SELECT COUNT(host_name) num_hosts, MAX(num_listings) max_listings_per_host
FROM listings
 * sqlite:///palooza.db
Done.
Out[ ]:
num_hosts max_listings_per_host
2929 215
  1. Determine the top 5 hosts who have the highest price_per_month for their listings, considering only hosts who have at least 10 listings.
In [ ]:
# Here we aggregated the price_per_month as so that we could see the individual 
# hosts and as to generate the top 5 distinct hosts  
In [ ]:
%%sql
SELECT r.host_name, ROUND(AVG(p.price_per_month),2) avg_monthly_price
FROM reviews r
JOIN prices p 
ON r.listing_id = p.listing_id
WHERE calculated_host_listings_count > 9
GROUP BY 1
ORDER BY 2 DESC
LIMIT 5
 * sqlite:///palooza.db
Done.
Out[ ]:
host_name avg_monthly_price
Sally 109895.42
Red Awning 21452.58
Park Lane 12318.75
Janet 11334.01
Yotel 8749.86
  1. Find the neighborhood(s) that have the highest variance in listing prices.
In [ ]:
%%sql
WITH avg_prices AS (
    SELECT AVG(price) AS avg_price
    FROM prices
)
SELECT neighbourhood, AVG((price - avg_price) * (price - avg_price)) AS variance
FROM prices, avg_prices
GROUP BY 1
ORDER BY 2 DESC
LIMIT 5
 * sqlite:///palooza.db
Done.
Out[ ]:
neighbourhood variance
Sea Gate 902211.2722433434
Bayside 224007.989366134
East Flatbush 173838.4025865787
Tribeca 161899.30747083636
SoHo 146980.2407632523
  1. Calculate the average price_per_month for each neighborhood, taking into account only listings where the host has a minimum_nights value that is higher than the average minimum_nights value across all listings.
In [ ]:
%%sql
SELECT p.neighbourhood, ROUND(AVG(p.price_per_month),2) avg_price_monthly
FROM prices p
JOIN reviews r 
ON p.listing_id = r.listing_id
WHERE r.minimum_nights > (SELECT AVG(minimum_nights) FROM reviews)
GROUP BY 1
ORDER BY 2 DESC 
LIMIT 5
 * sqlite:///palooza.db
Done.
Out[ ]:
neighbourhood avg_price_monthly
Bayside 11949.95
Tribeca 11791.53
Flatiron District 10172.69
SoHo 9549.23
NoHo 9374.04

Business questions¶

  1. What are the most popular neighborhoods for short-term rentals in New York City?
  1. What is the average rental price for short-term rentals in New York City, and how does it vary by neighborhood and property type?

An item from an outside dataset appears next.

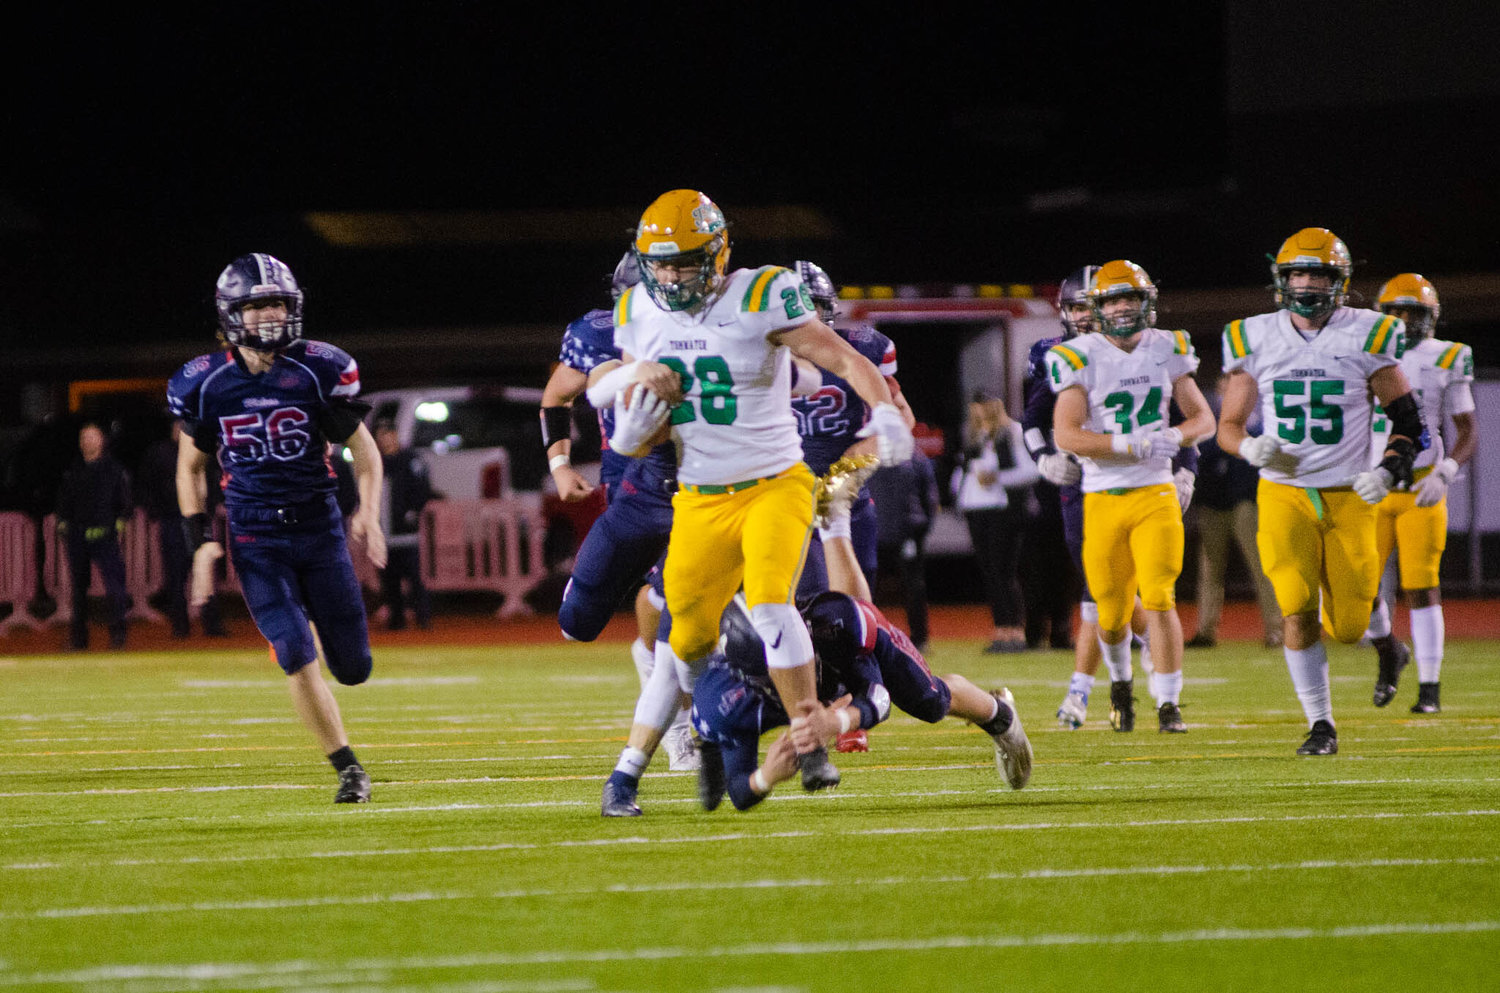 Tumwater’s Ryan Orr rushes the ball forward as Black Hills lineman attempt to stop him. The Thunderbirds shellacked the Wolves to win the Pioneer Bowl 50-7 Friday night.

  1. What are the most commonly rented property types on Airbnb in New York City, and how does this vary by neighborhood?
  1. What is the average length of stay for short-term rentals in New York City, and how does this vary by neighborhood and property type?
  1. How has demand for short-term rentals in New York City changed over time, and are there any seasonal trends that could impact business decisions?